The scandal surrounding incomplete or inaccurate foreclosures first came to light a couple of years ago, when it was found that some banks had engaged in what's commonly called "robo-signing," or non-compliant foreclosures executed by fraudulent or incomplete documents designed to shorten the lengthy, document-heavy foreclosure process. The nation's five largest banks paid the government $25 billion to settle robo-signing claims, but didn't admit wrongdoing.
"The information revealed in this new study makes the job of third party compliance vendors more difficult and puts greater responsibility on them. At the same time, there is a limit to how much legal and operational risk emanating from bank errors and regulatory failure can be transferred to third party services and software vendors," Focardi says.
Foccardi says market reforms could include OCC examiners doing more audits, or given budget constraints there, it is likely that regulators could further require banks to hire "independent" third party compliance firms. "The success of this approach requires these third parties to be truly independent, because as we saw with subprime mortgage-backed securities, the work of third-party quality control firms was either ignored or compromised by bank pressure to certify a different level of loan quality than was actually present," he says.
Of interest to document management firms and bank compliance departments is the new Treasury report, which says the OCC did not initially identify foreclosure documentation as a significant risk, instead focusing on lender compliance with federal laws. That shortcoming signals an increase in focus on documentation and third parties in the future. The OCC says it plans to review foreclosure-related complaints as part of a 2013 update to the Mortgage Banking Handbook, a document that hasn't been updated in 14 years.

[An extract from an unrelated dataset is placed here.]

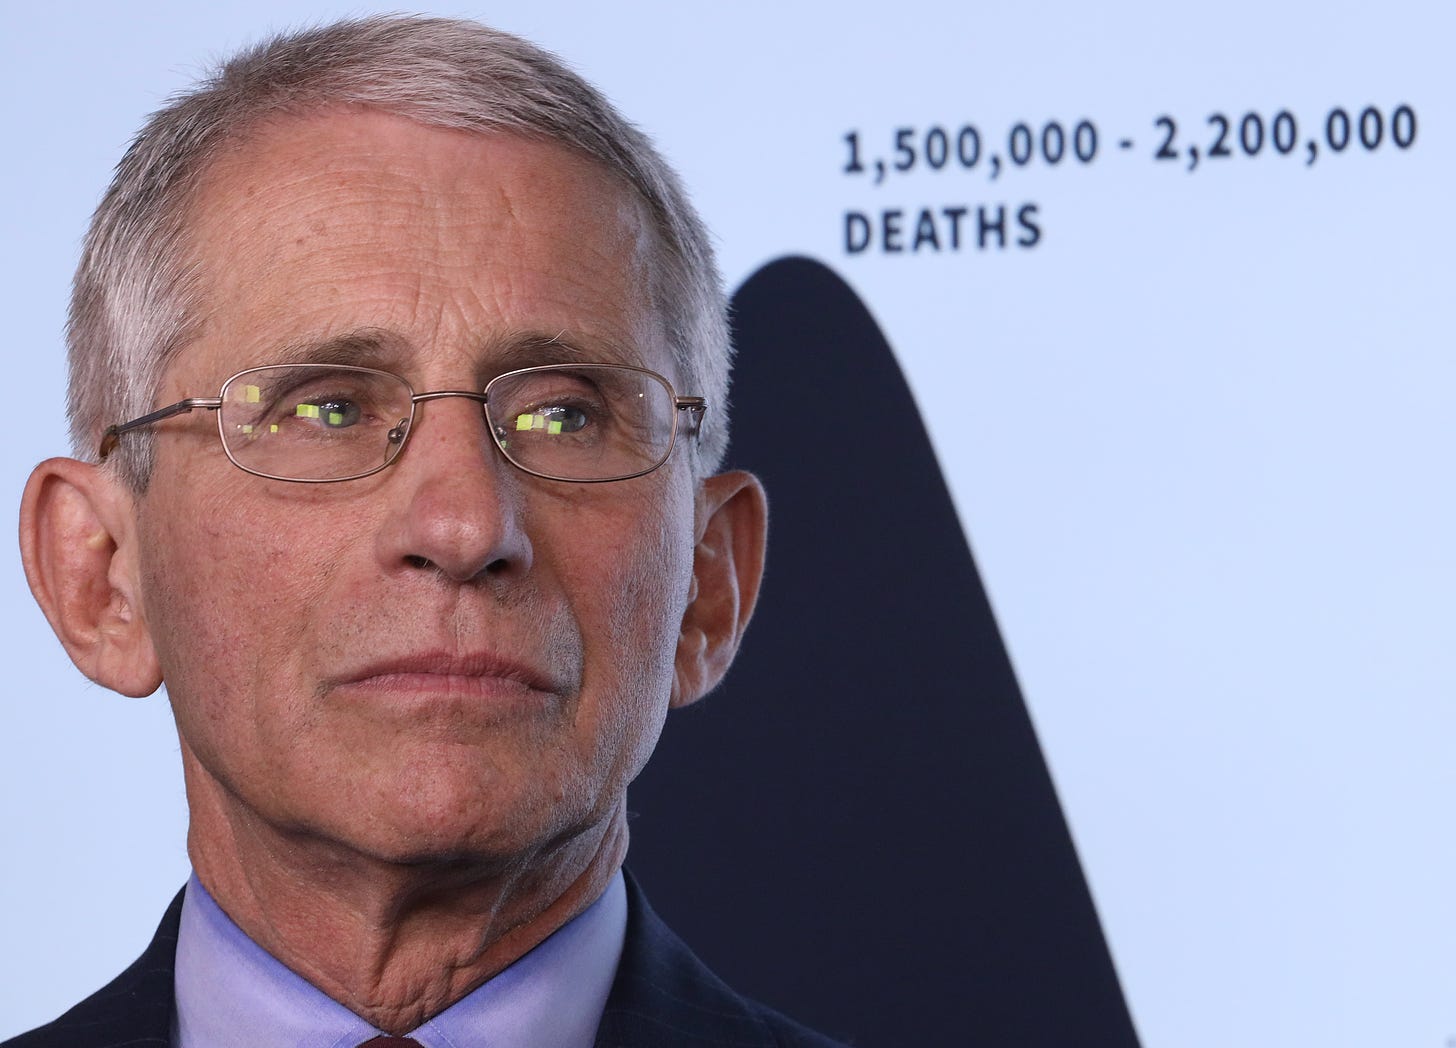 Dr. Fauci frustrated Americans are ignoring science amid coronavirus

"The instances of robo-signing are a problem for loan servicers because they could not retrieve original documents signed off on by a borrower such as the mortgage contract," Pratt says.
Neither the OCC nor the CFPB have issued actual regulations. But the momentum is toward more government scrutiny.
"Financial institutions need to treat third parties as if they are part of the organization rather than a black box, making them responsible and accountable," says Todd Cooper, an executive vice president and general manager in Wolters Kluwer's enterprise risk compliance line.
In addition to automating as much of the document prep and delivery as possible, Cooper suggests lenders actively query their vendor suppliers, asking about the supplier's risk assessments, controls and how the vendors plan to abide by those controls. He also suggests independent testing of vendor controls.
"You have to tell vendors what you expect to see changed," says Cooper, who says new software can formalize document updates and use the web to push those updates from the lender out to the vendor's document delivery systems. "[Documentation] is an area where it's been tough for vendors to keep up."
The robo-signing scandal has heightened focus on third-party compliance strategies.